Big investors hold sway
Corporate shareholders are using their voting power to influence greater transparency by companies about the financial consequences of climate change. Big investors could turn out to be the environmental movement’s best friends in pressuring major corporations to address climate concerns.
A surprise vote last week by 62.3 percent of ExxonMobil shareholders highlights the power big money has over corporate behavior. Investors voted to instruct the petroleum giant to be more transparent about the cost of global measures designed to keep climate change to 2 degrees Celsius. The shareholder rebellion occurred at the company’s annual meeting in Dallas. A year earlier, a similar proposal got only 38 percent support.
Top institutional shareholders could be behind this shift toward greater corporate environmental accountability. Their support came despite a company campaign that included calling, writing and lobbying shareholders in person to vote against climate-related proposals.
Institutional asset managers typically don’t challenge management on social or political issues, but they can and should. Major asset management firms oversee trillions of investment dollars that can be used to reflect growing concerns among shareholders about important issues.
Besides, examined from a purely financial-benefit perspective, rising sea levels and global temperatures could hinder companies like ExxonMobil from operating in certain environments, which would translate into reduced financial performance and lower share values. Companies are required to declare such risks to shareholders if their investments could be affected.
New York Times columnist Gretchen Morgenson wrote recently that giant asset management firms BlackRock and Vanguard, which control a combined $9 trillion in assets, each voted in favor of management-sponsored proposals about 95 percent of the time. The days of automatically yielding to management could be ending.
Rubber-stamping sends a signal that corporations are operating perfectly and don’t need to change, which Morgenson noted is an assessment clients would not agree with in some cases. She said they probably would support more transparent operations and better shareholder service overall.
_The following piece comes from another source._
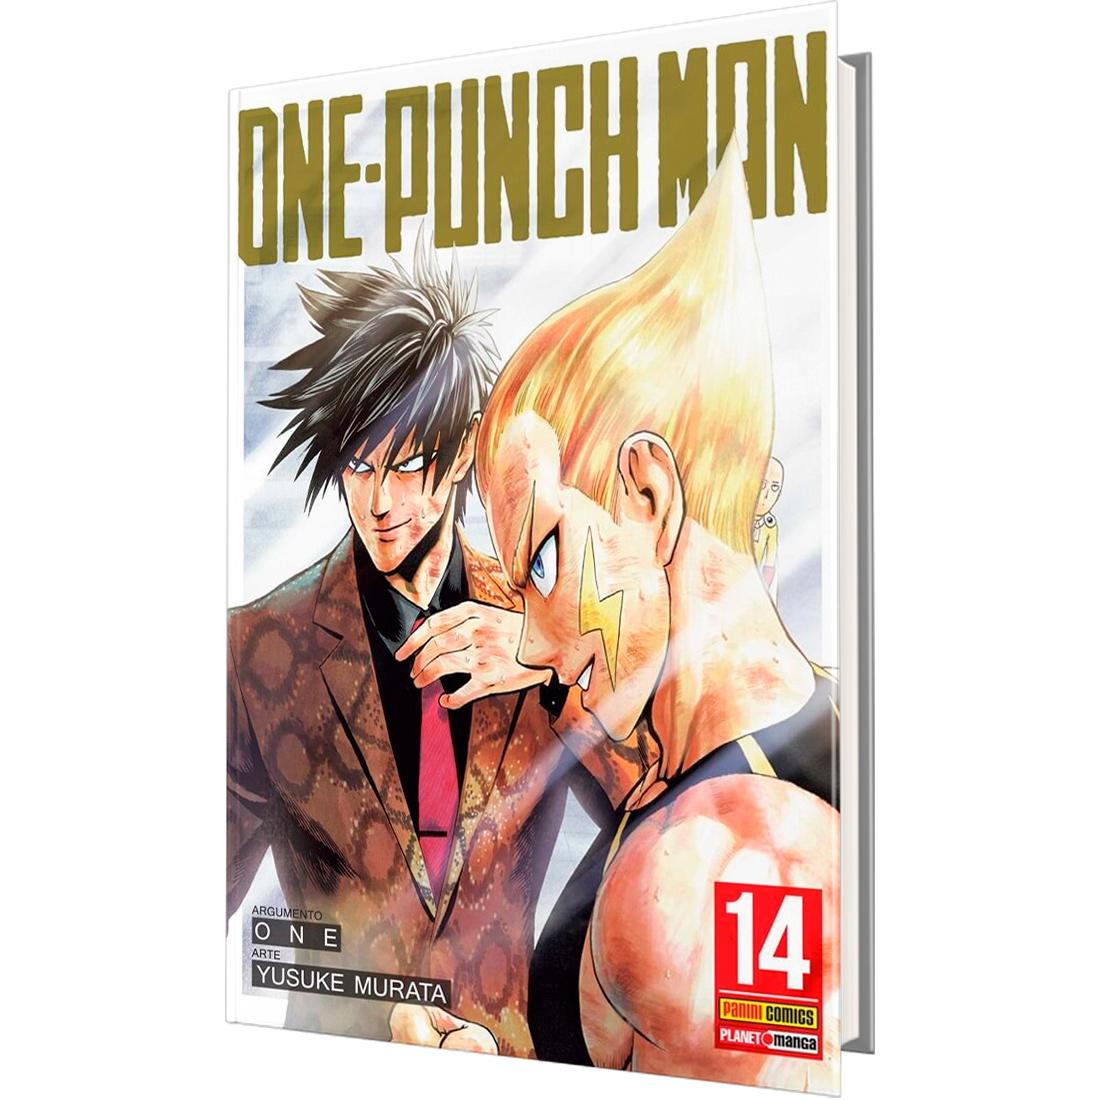 One Punch-Man Vol. 14

Vanguard and BlackRock refused to disclose their Exxon votes, which came the same day President Donald Trump announced the U.S. would pull out of the Paris climate accord. That decision might have influenced their vote. Similar resolutions on climate change accountability won majority votes at Occidental Petroleum and Pennsylvania utility PPL, and hefty support at other companies, according to Post-Dispatch business columnist David Nicklaus.
Nicklaus said investor clout is being felt closer to home, with 44 percent of Emerson shareholders supporting a 2016 proposal asking the company to produce a sustainability report. The same percentage of Ameren investors backed a resolution for a climate change report.
Corporations have responded to investor pressure in the past, such as during the boycott movement to end apartheid in South Africa. This is a welcome wake-up call for executives to make climate change a priority concern.